I see the contrast between combat systems so far as formal patterns are concerned as a kind of parallel to the difference between two different ways of teaching morality/virtue/ethics etc. You can simply come out and tell people how they should behave, preach at them, specify exactly what they should and should not do. Or you can offer them parables which illustrate exactly the same canon of behavior, but which disguise their message somewhat and require people to interpret them. And in cases of the latter, you may well find multiple, different, but equally applicable and commendable interpretations of the same parable.
Combat hapkido doesn't have kata, but it has drills—huge numbers of very sharp two and three move combinations that you practice with a partner. As I understand it, Ueshiba's aikido also did not employ kata as an instructional tool. The partner drills these systems provide are literal instructions on what to do when, in case you're attacked; the technique of the system is therefore explicit, embedded in the knowledge of how to respond with any one of dozens of different possible responses to just about any kind of attacking move imaginable. These kinds of systems operate with combat sermons and lists of commandments. The karate-based arts, with their kata and related forms, or the CMAs with their hsings, offer you, in constrast, parables of defensive combat techniques, each one composed of subepisodes which have, taken singly, multiple interpretations, the most effective of which from the experienced fighter's point of view are well-hidden under the simple block-punch-kick appearance of the moves. Much of the previous discussion on MT that I referred the OPer to is about how to decode the kata (in the general sense) and extract the meaning, guided by the particular strategic principles of the art. The difference isn't so much a matter of content, as I see it, but of instructional technique—pedagogy, in short.
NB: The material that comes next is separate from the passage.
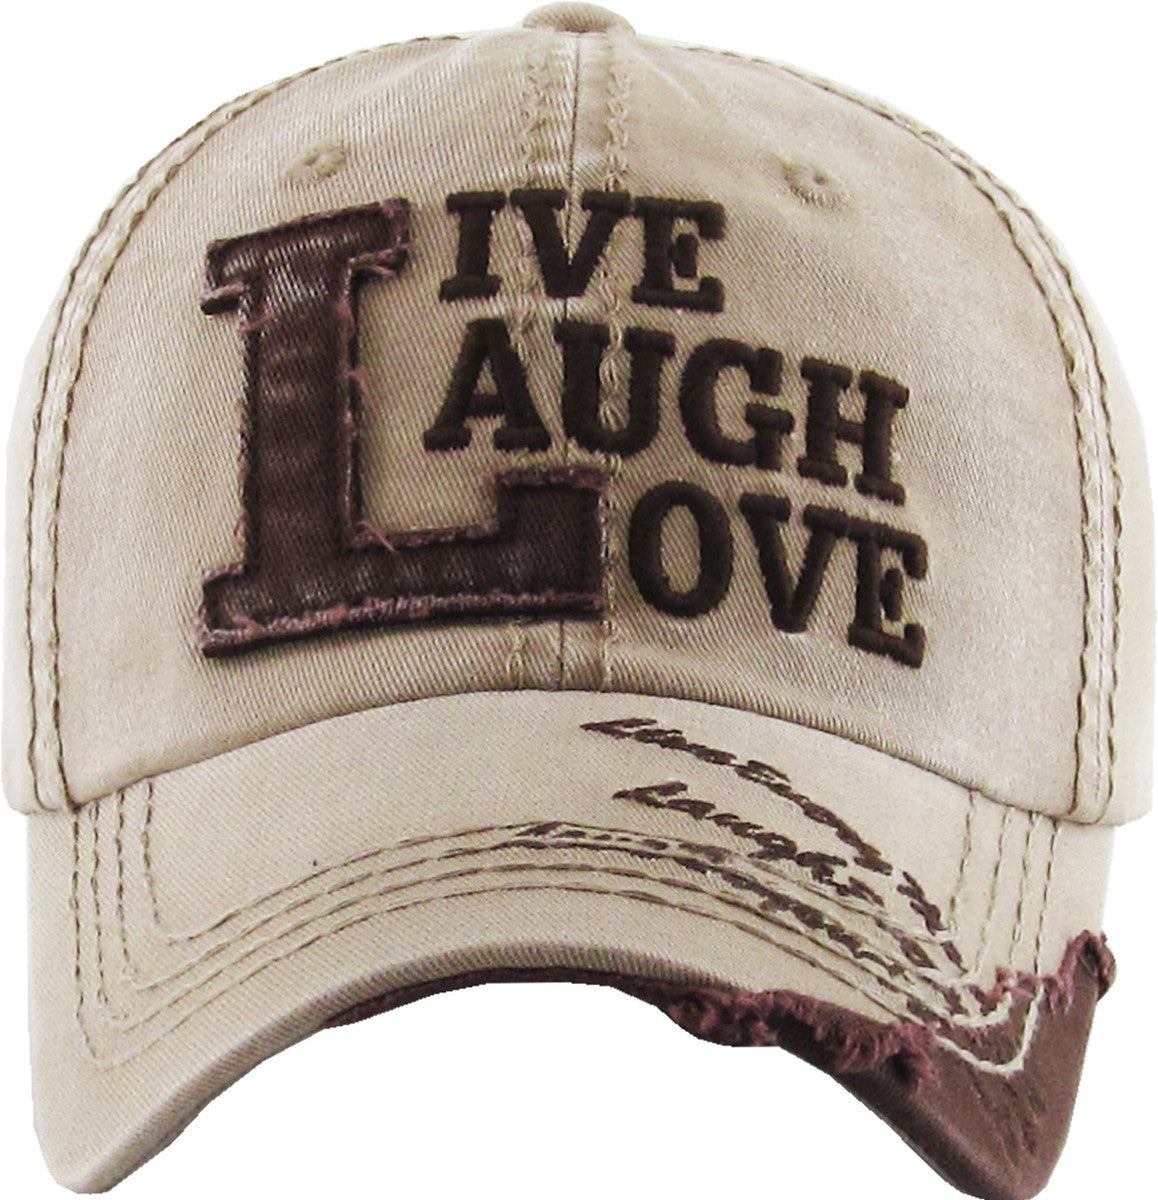 Live Laugh Love Vintage Hat

But none of it is worth a damn from the point of view of live, real-time SD unless it's practiced in a deadly-serious way with a partner who is willing to assume the persona of a dangerous, vicious attacker bent on hurting the defender, possibly gravely. There are ways to make such partner training of kata techs less dangerous, but the hazards for both the attacker and the defender are non-trivial. That's also going to be true in any of the fighting systems that don't have kata, however. Combat Hapkido, Krav Maga, or anything else designed to save your life, under extreme violence, require brutally realistic training to make the techniques encoded in their drills a reflexive tool immediately available when unavoidable danger meets you. The difference in the fighting systems is just that this has always been understood, I think, in those systems that we think of as 'combatives', like KM (and Hapkido, to some extent). The message fell by the wayside with many of the TMAs, however—but people like Iain Abernethy, Geoff Thompson, Peyton Quinn and others are teaching us how to bring it back.